Billionaire Batista’s Alter-Ego Searching for Oil, Gas
Rodolfo Landim, who in 2007 helped Eike Batista set up an oil business before falling out with the billionaire, is competing with his ex-boss to extract crude and gas from northeastern Brazil.
Ouro Preto Oil & Gas SA, a company Landim founded in 2010 after leaving Batista’s EBX Group Co., bought exploration licenses for three blocks in Brazil’s north corner near French Guiana. The firm, backed by Turim Investimentos and billionaire investor Julio Bozano, has about 25 employees, among them former executives from EBX and Petroleo Brasileiro SA (PETR3), the world’s biggest oil producer in deep waters.

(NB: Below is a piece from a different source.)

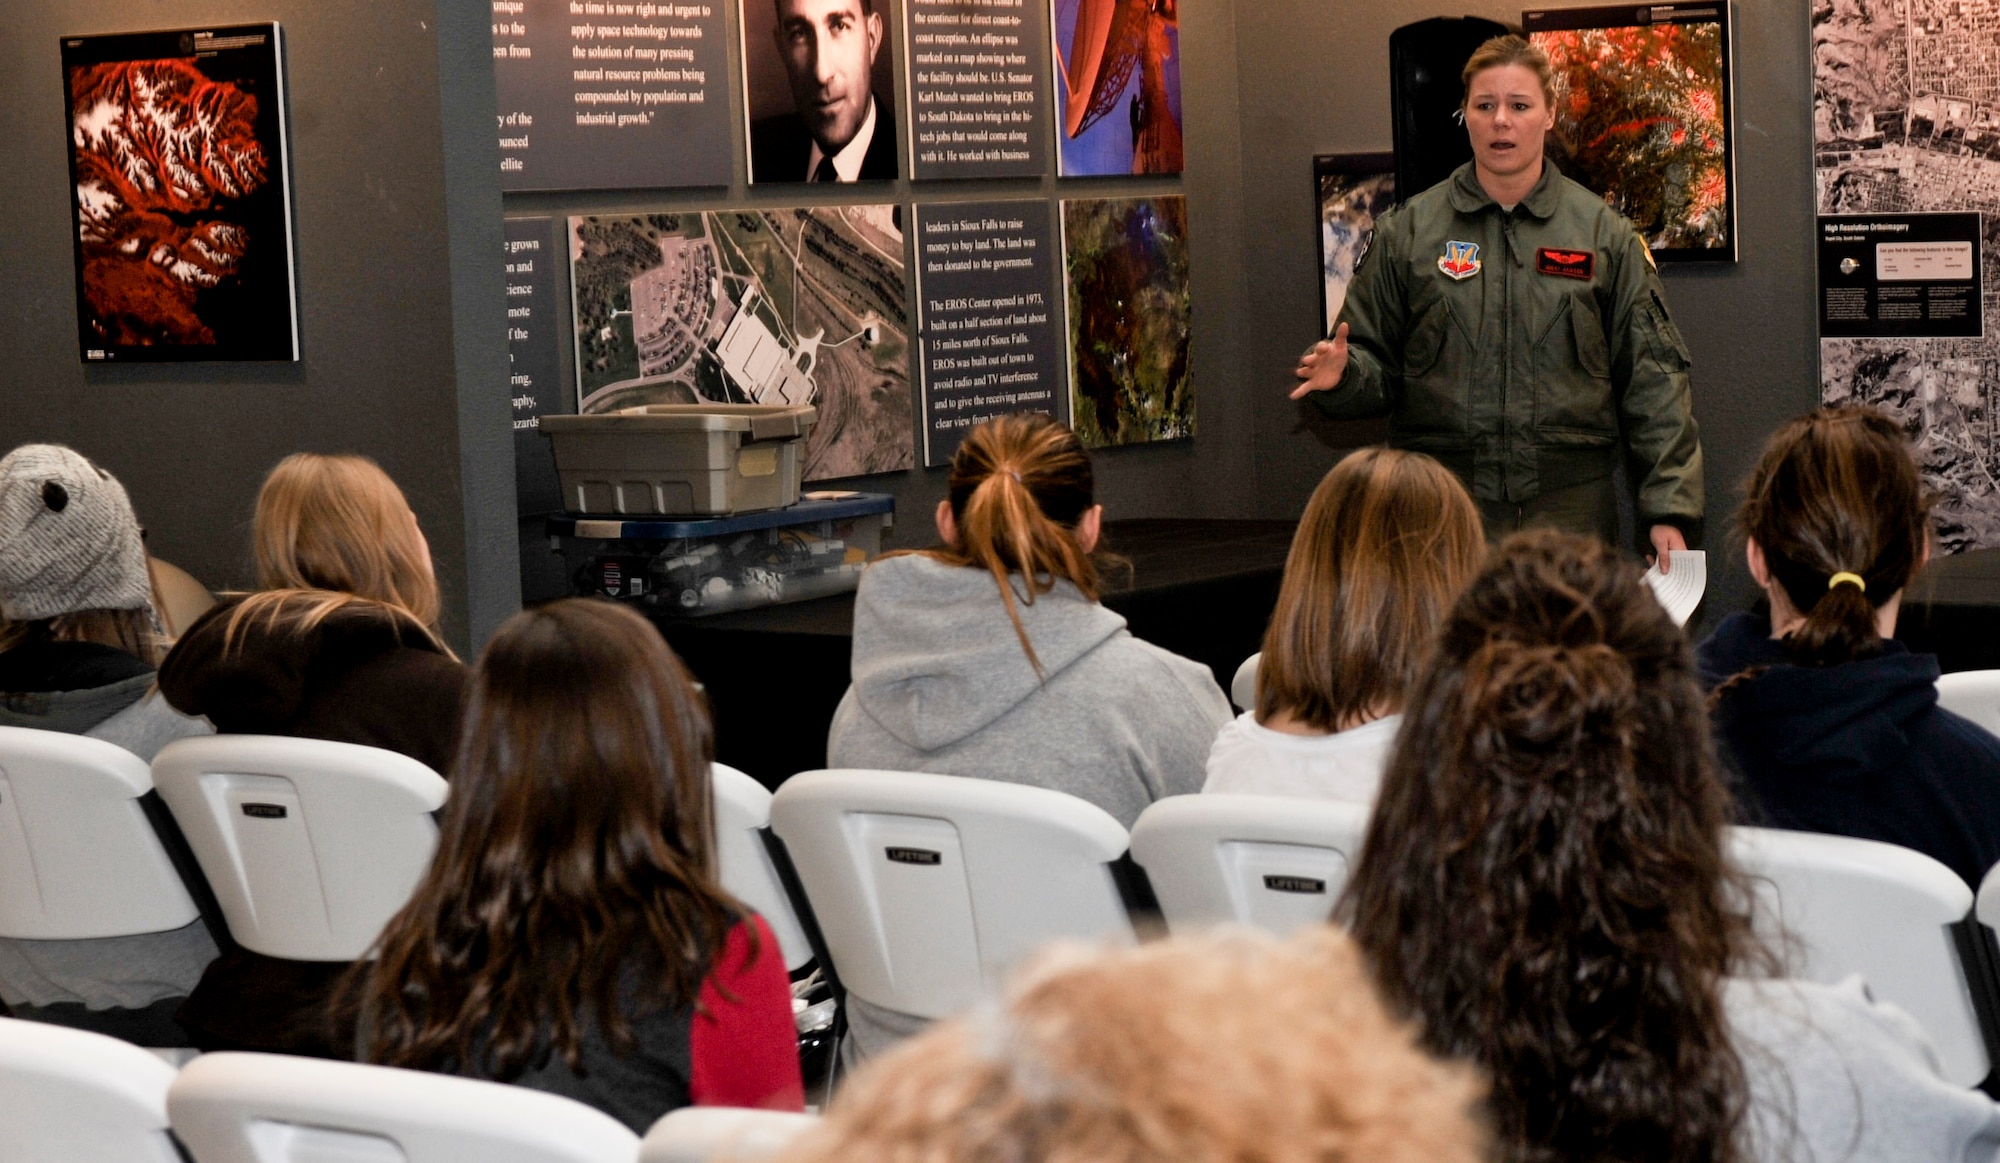 Capt. Nicole Jansen, 34th Bomb Squadron B-1 pilot, speaks about her career during the Women of Aviation event at the South Dakota Air and Space Museum in Box Elder, S.D., March 9, 2013. Jansen recounted her aspirations to become a pilot, and how a book about the U.S. Air Force Academy given to her by a ninth-grade teacher fueled her desire to attend to the academy and become an Air Force pilot. (U.S. Air Force photo by Airman 1st Class Anania Tekurio/Released)  
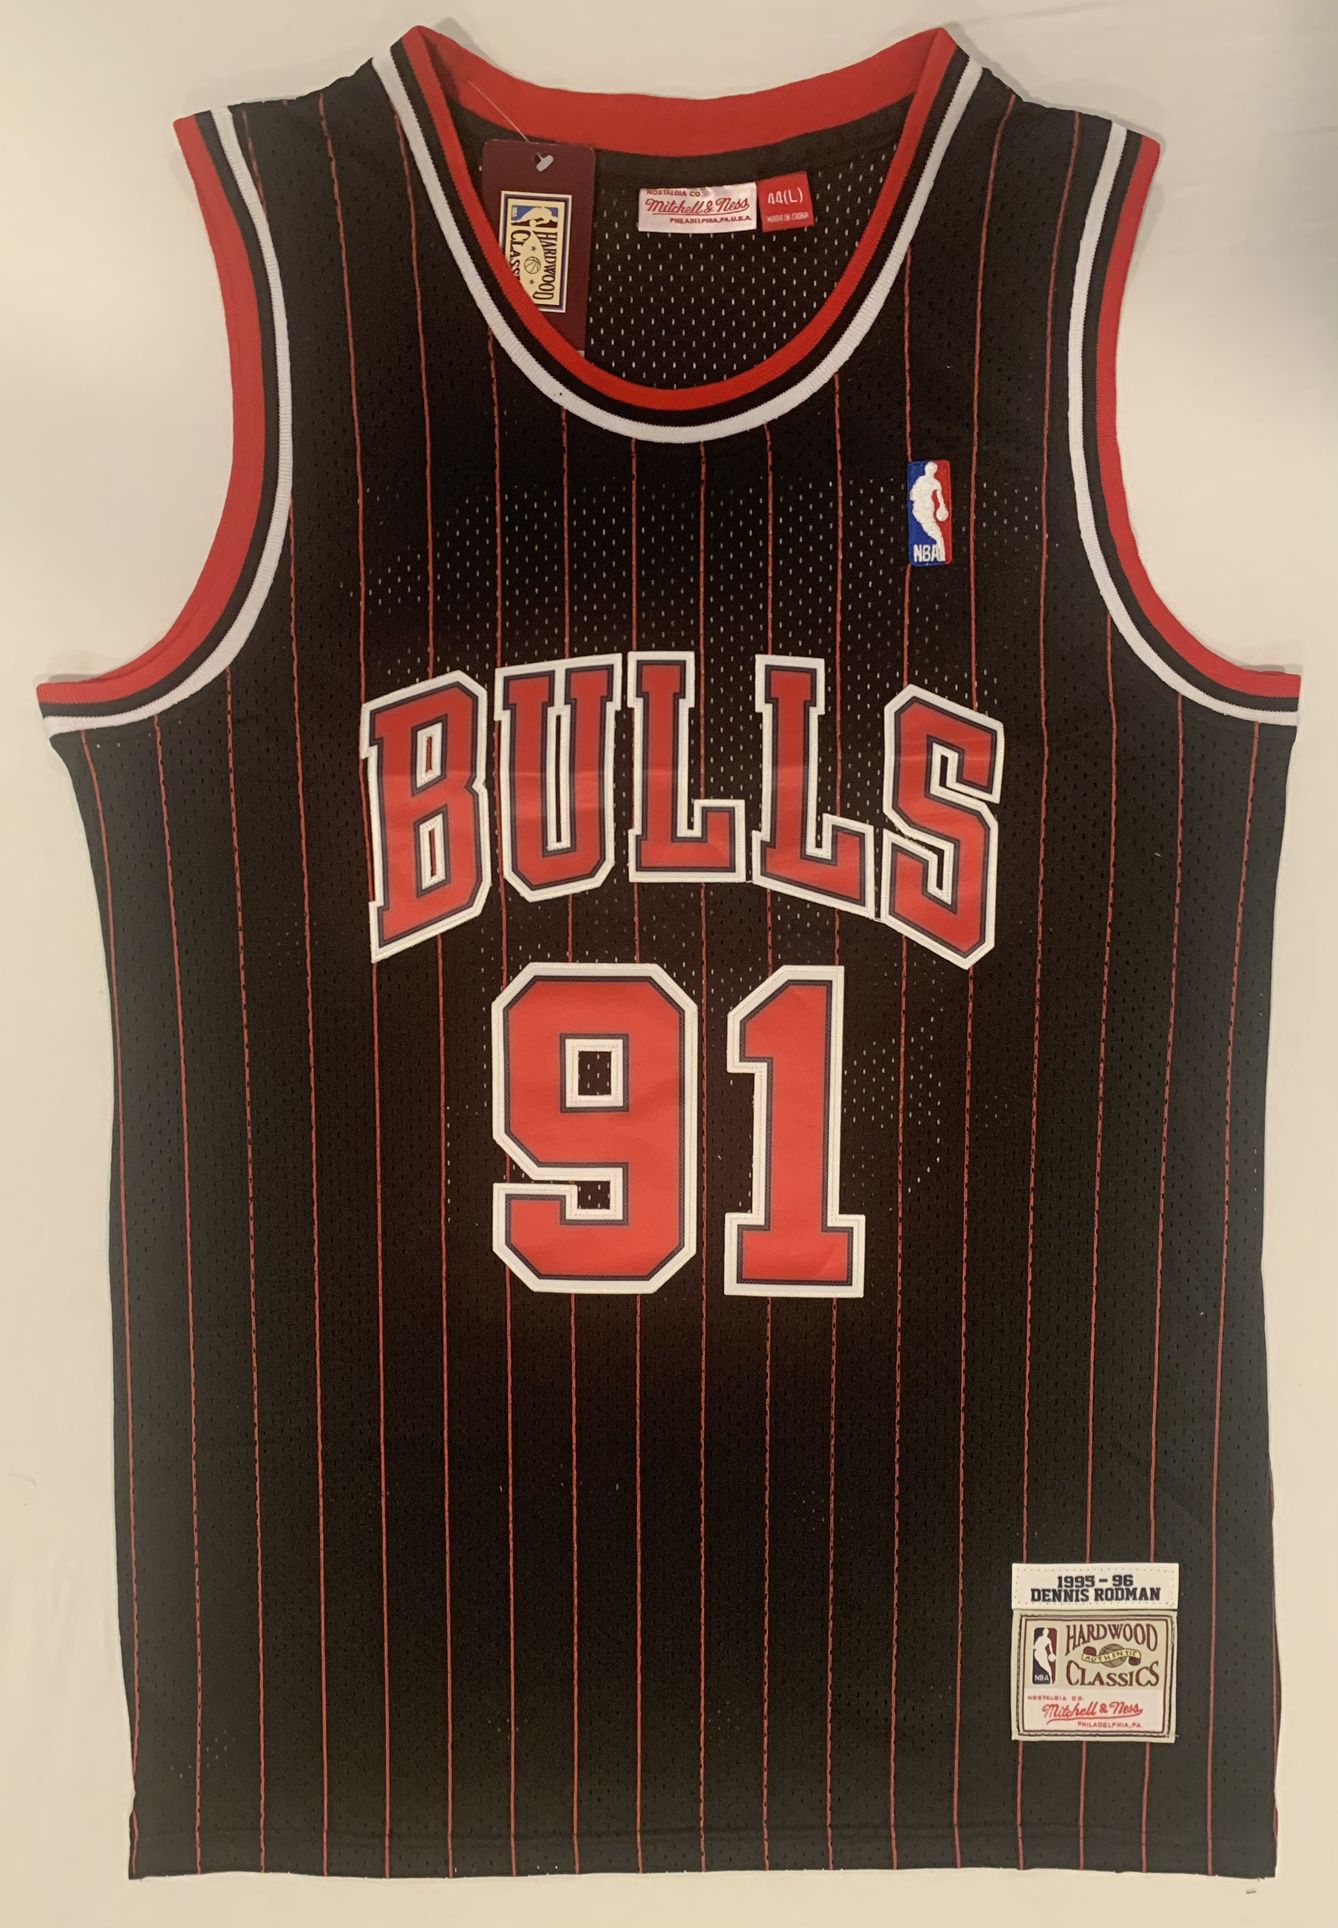 bulls jersey for sale

Landim, who explored the area as a Petrobras executive in the 1980s and the 1990s, said Ouro Preto expects to find oil and gas in northeastern Brazil where Batista’s OGX Petroleo & Gas Participacoes SA has increased natural gas output eightfold this year. Brazilian oil startups including OGX have disappointed investors by missing output and reserves targets. HRT Participacoes em Petroleo SA (HRTP3), which was listed in 2010, plunged to a record yesterday after abandoning two wells in Brazil and Namibia, its main areas of exploration.
“These recent stories don’t help but they’re not an impediment,” Landim said yesterday from his office overlooking Rio de Janeiro’s iconic Sugar Loaf mountain. “There will always be funding for good projects. If we discover oil as we are expecting, the resources will appear.”
OGX slid 85 percent since its IPO in 2008 through yesterday after failing to meet output targets and HRT slumped 88 percent from late 2010, when it sold shares to the public. QGEP Participacoes SA (QGEP3), the most recent Brazilian oil company to sell shares in a public offering, declined 34 percent since its Feb. 2011 IPO.
Ouro Preto, or black gold in Portuguese, agreed to pay 14.8 million reais ($7.3 million) for its two onshore blocks in the Parnaiba basin and an additional block in shallow waters of the Barreirinhas basin, according to ANP, Brazil’s oil regulator. The company, which at the auction lost bids to explore 10 other blocks, will spend at least 52.8 million reais exploring the areas, ANP said.
Ouro Preto, controlled by Landim and his managing team, has enough cash to hunt for hydrocarbons in its blocks, Landim said. The start up is considering competing in auctions for acreage in Brazil and buying into stakes in blocks won by other companies, he said.
“We want to use all the gray hair we have here to structure a new oil company and create value,” Landim, 56, said. “We are looking at everything.”
Landim, who left OGX in 2009, sued Batista a year later, claiming the billionaire agreed to cede him 1 percent of his holding in EBX in exchange for helping him to set up his business. The case continues in court, Landim said, adding that he sold all his shares in OGX. He declined to discuss specifics of the dispute.
“It’s a discussion I have with him about something I think he owes me. Period. I don’t like to talk about this.”
Batista’s lawyer Sergio Bermudes said by phone that the claims don’t have merit and he is confident the courts will decide in favor of the billionaire. EBX’s press office referred questions to Bermudes, declining to comment for this story.
The bet on Parnaiba, in the Maranhao state, seeks to tap the country’s increasing need for natural gas to supply power plants, Landim said. Brazil’s reliance on hydroplants for about 80 percent of its electricity leaves the country vulnerable to blackouts during the dry season and the government sees increasing natural gas supply as a solution to water dependency.
Parnaiba is an area that Landim knows well. A 27-year veteran of state-controlled Petrobras, he oversaw the company’s reservoirs in Brazil’s northeast. Landim also explored Parnaiba during his time at OGX, which he helped found and headed during its pre-operational stage.
OGX got gas output at its Gaviao Real field in Parnaiba to the equivalent of 25,000 barrels a day this month, up from 3,000 in January, the company said May 10. OGX increased its exploration acreage by 50 percent in the May 14 bid round, and Ouro Preto bid and lost at one of the four Parnaiba blocks OGX won. OGX’s success at Parnaiba compares with failures at Campos, where peak production at its first field was only a fraction of what it promised investors.
Landim is likely to receive the support of investors including pension funds and private equity firms in case he decides to scale up operations, said Alvaro Teixeira, an oil consultant and former exploration and production director at Petrobras.
“He won’t have problems getting financing to expand the company,” he said in an interview in Rio. “He’s a really competent guy and respected in the market.”
The fact that OGX didn’t perform as initially expected gives Landim experience that he can apply to his new venture, said Adriano Pires, the head of the Brazilian Center for Infrastructure, a consulting firm in Rio de Janeiro.
“The bad things that happened at OGX help him as a lesson to him,” he said in a telephone interview. “Onshore and shallow-water areas, especially in gas, should be Ouro Preto’s niche.”